Él no soportaba la verdadera simplicidad y yo no soportaba la complejidad falsa.

—Eso es todo —afirmó—. Debemos asegurarnos de que el usuario entiende lo que va a hacer. ¿Tiene el dinero preparado?

El tono cambió cuando habló del tema económico. Dejó de ser dulce, se convirtió en áspero. Su mirada dejó de observarme atentamente; ahora, yo no le resultaba nada interesante.

Fui a buscar el sobre con el dinero. En efectivo. Siempre lo cobraban así, debido a que al principio la gente se ponía las inyecciones y seguidamente anulaba el cheque o la transacción y desaparecía. Y luego, aunque los encontrases, ¿cómo podías quitarles algo que ya habían ganado para siempre? Dejar de dormir es como la inmortalidad: si te la dan, ¿cómo te la arrebatan después?

Por ello cobraban en efectivo.

Yo tenía el dinero en casa desde el día anterior; lo saqué del banco tan sólo conocer la pérdida de mi madre. Fui al banco que había en el portal de mi mismo edificio; no salí ni a la calle.

Rozaban las once de la noche cuando retiré casi todos mis ahorros. Al llegar a casa no sabía dónde guardarlos; faltaban pocas horas para que me trajeran las inyecciones pero temía que alguien me robase mientras dormía.

Pasé tiempo pensando dónde esconderlo. No sé si os habéis encontrado alguna vez con el problema de esconder dinero en casa. Es complicado, porque piensas como la persona que lo esconde pero a la vez como el ladrón que lo busca.

Piensas que has encontrado un buen sitio para esconderlo, pero al instante piensas como un ladrón y te das cuenta de que sería el primer lugar en el que buscarías.

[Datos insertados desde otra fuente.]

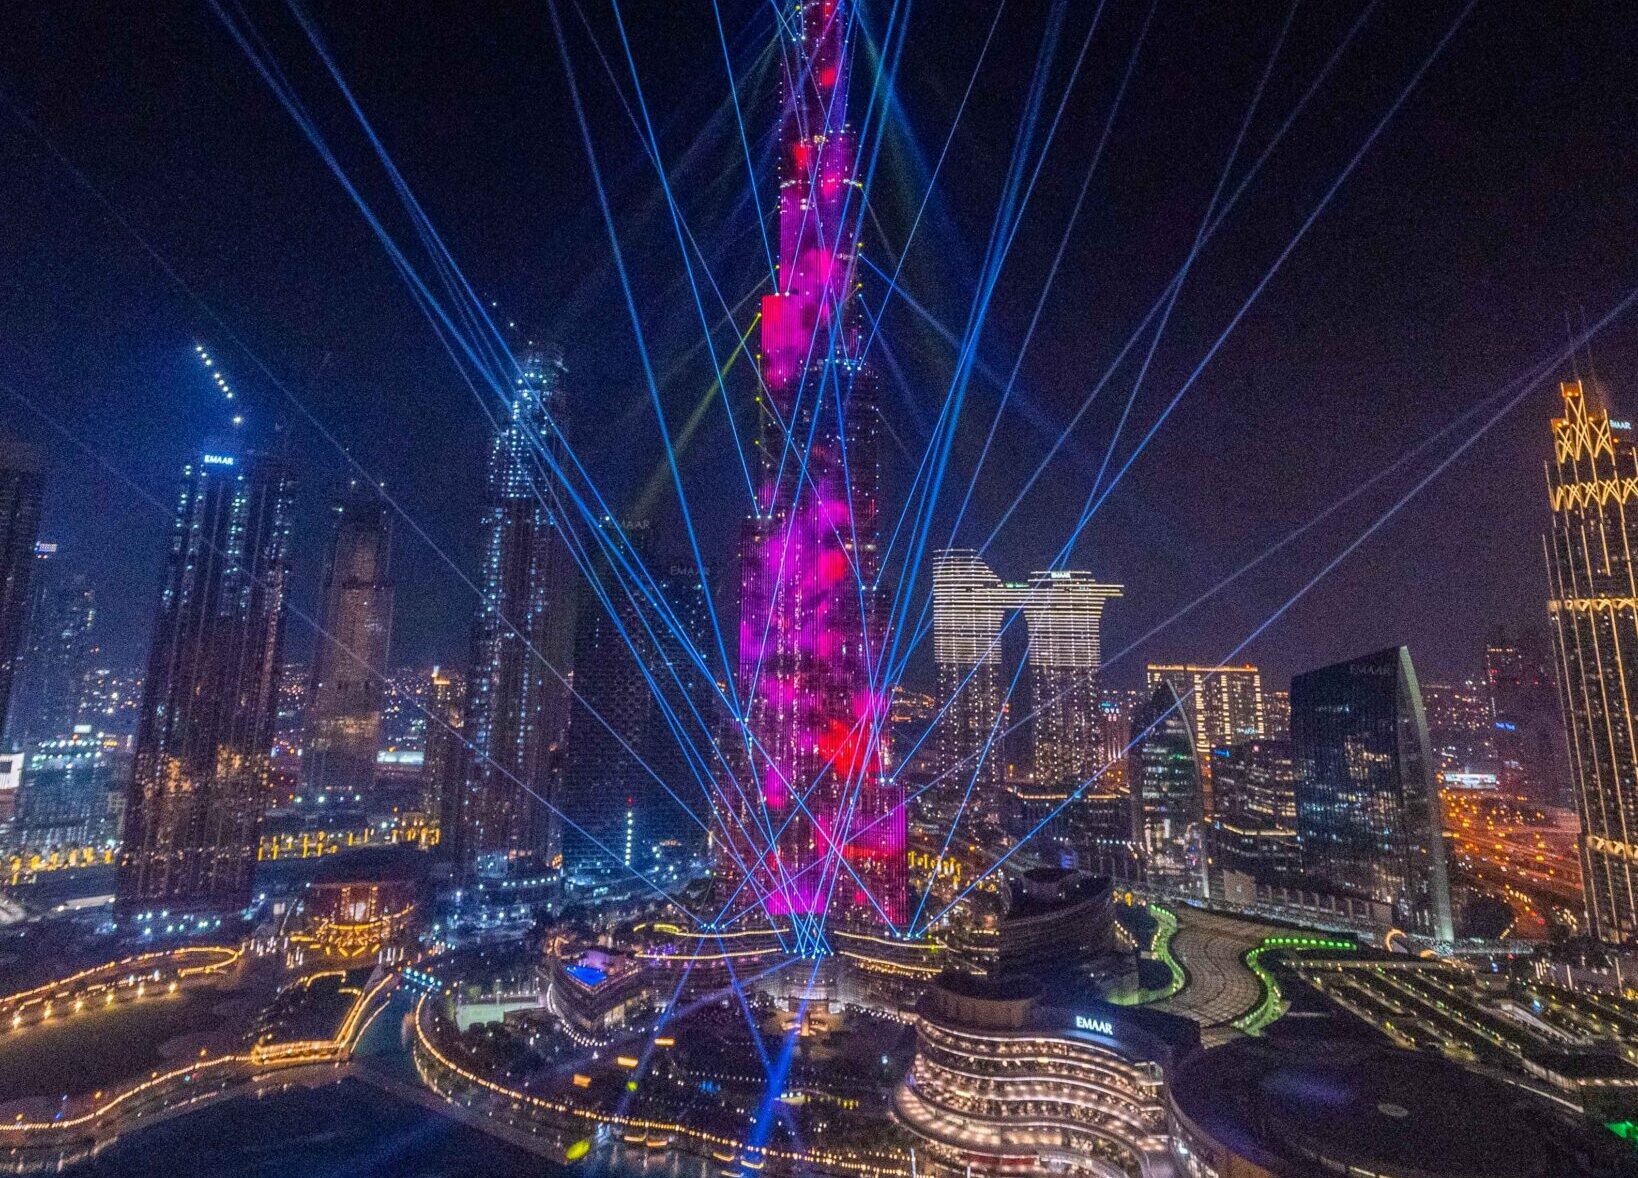 Ultimate Tigge trojansk hest World of Colour! Burj Khalifa's newest LED show illuminates Downtown  Dubai's skyline

Calcetines, zapatos, fondos de armarios, recovecos, baldosas, el armario del baño… Todos parecen lugares brillantes, pero al instante se convierten en escondrijos demasiado evidentes.

Casi tardé dos horas en encontrar el sitio adecuado. Debía ser un lugar impensable tanto para el poseedor del dinero como para el ladrón. Y, además, debía ser fácil de recordar. Cuántas veces hemos escondido cosas de valor tan y tan bien que luego no las hemos encontrado.

Me acerqué a mi almohada, saqué la funda y allí estaba cosido el estrecho sobre blanco que contenía todo mi dinero. Qué ironía, la almohada tenía la llave para dejar de dormir.

Volví a la terraza. Los dos hombres no estaban hablando. Eso me hizo pensar que no se soportaban. Me imaginé una pelea entre ellos, por un asunto de dinero, por diferencia de caracteres y hasta por algo turbio relacionado con líos de faldas. Le tendí el dinero al mayor. Éste se lo pasó de inmediato al joven, que comenzó a contarlo.

Cuando acabó volvió a contarlo por segunda vez. Y luego una tercera.

Nadie habló durante esas tres comprobaciones, nadie miró a nadie, tan sólo el sonido de la plaza lo inundaba todo. El sonido de los que ya lo habían logrado. El dinero en movimiento chillón.

—Está correcto —dijo el joven como si el triple chequeo no hubiese existido.

El señor mayor me tendió las dos inyecciones. Yo las cogí y noté que su mano era fría. No me gustó, nunca me ha gustado la gente que no tiene calor en su cuerpo.

—Disfrútalo —dijo sin ningún tipo de entonación positiva, para que no creyese que sentía lo que me decía.